The undertaking “will inform every aspect of operations and investment decisions” at Aviva over the coming years.
The firm laid out its carbon commitments, with a proposed cut of 25 per cent in the carbon intensity of its investments by 2025 and of 60 per cent by 2030; this is ahead of 50 per cent cut required by the Paris Agreement, it noted.
The 2015 Paris Agreement aims to bring carbon emissions from countries and companies down to net zero by 2050, to limit global warming to 1.5 degrees Celsius above pre-industrial norms.
Aviva plans to track its progress towards its carbon targets through annual public reporting and will sign up to the internationally recognised Science Based Targets (SBT) initiative so its work can be validated.
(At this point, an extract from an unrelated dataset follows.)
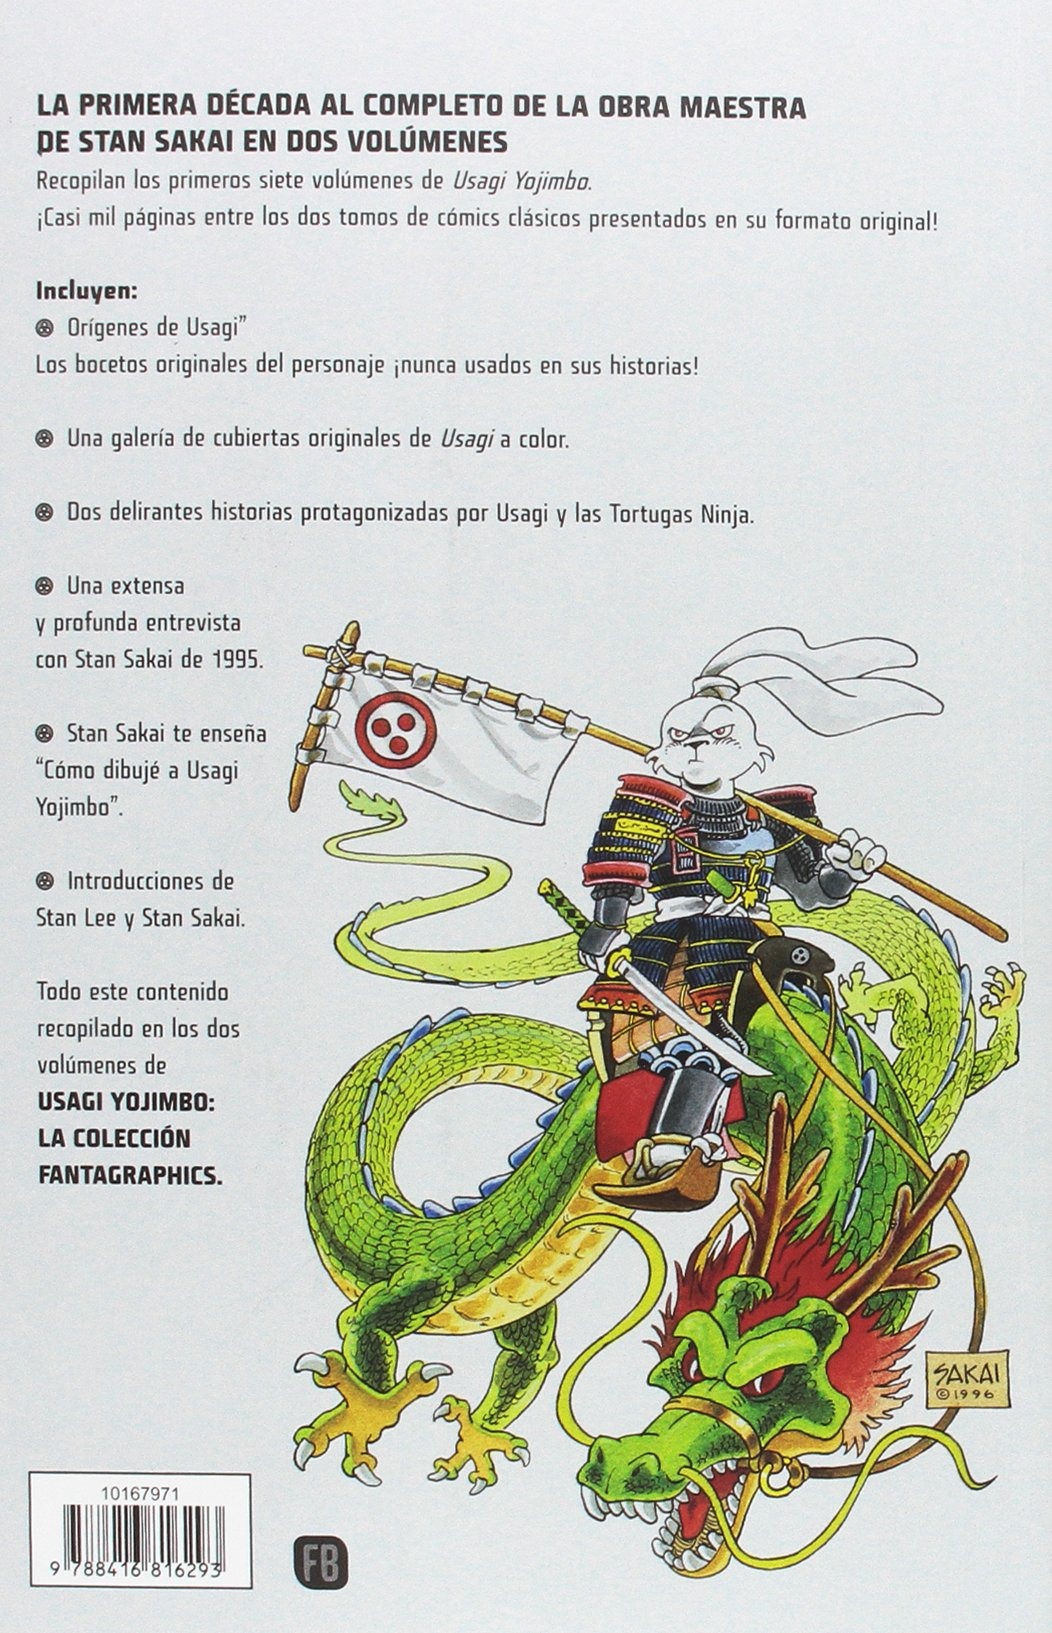 Usagi Yojimbo Fantagraphics nº 02/02 Integral Independientes ...
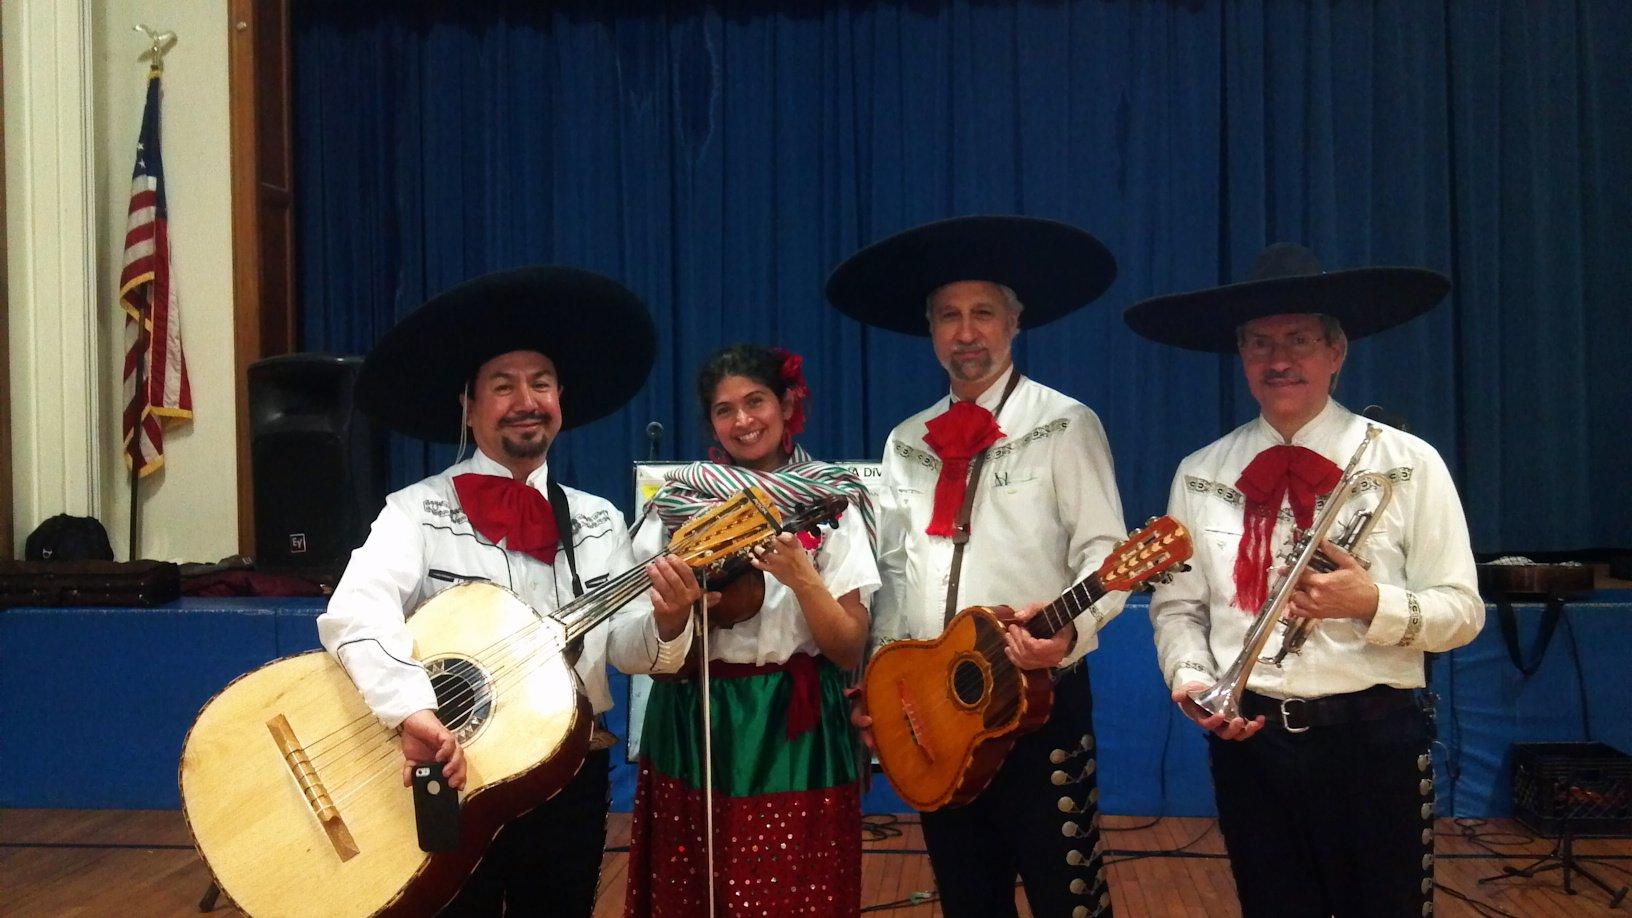 Fiesta del Norte — Mariachi Band in Connecticut

Initial plans include expanding green investments and switching to renewable electricity in its offices and to electric or hybrid vehicles in its motor fleet.
By the end of 2022, Aviva said it will divest entirely from all companies which make more than 5 per cent of their revenue from coal unless they have signed up to the SBT initiative.
In addition, by the end of 2021, Aviva plans to stop underwriting insurance for companies making more than 5 per cent of their revenue from coal or unconventional fossil fuels unless, again, they are SBT signatories.
Aviva CEO Amanda Blanc said: “Aviva is taking bold steps to help tackle the climate crisis. As the UK’s leading insurer, we have a huge responsibility to change the way we invest, insure and serve our customers. For the world to reach Net Zero, it’s going to take leadership and radical ambition. And it is going to take Aviva to play our part.”
Business and energy secretary Kwasi Kwarteng said: “Businesses have a huge and vital role to play in tackling climate change. It is fantastic that Aviva is taking radical action across its business, which will help the UK eliminate its contribution to climate change and influence other businesses to move in the same direction.
“In order to reach our 2050 climate target, we must work with companies like Aviva to harness the strength of the UK’s world-leading financial sector to unleash the private capital necessary to reduce carbon emissions and support new jobs as the UK builds back greener.”
By 2025, Aviva plans to have invested £6bn in green assets, and £2.5bn in low-carbon and renewable energy infrastructure, as well as deliver £1bn of carbon transition loans.
Last week, the plane-maker Airbus said it would start reporting data on the estimated emissions produced by its aircraft over their lifetime, in what it claimed was a first for the aviation sector.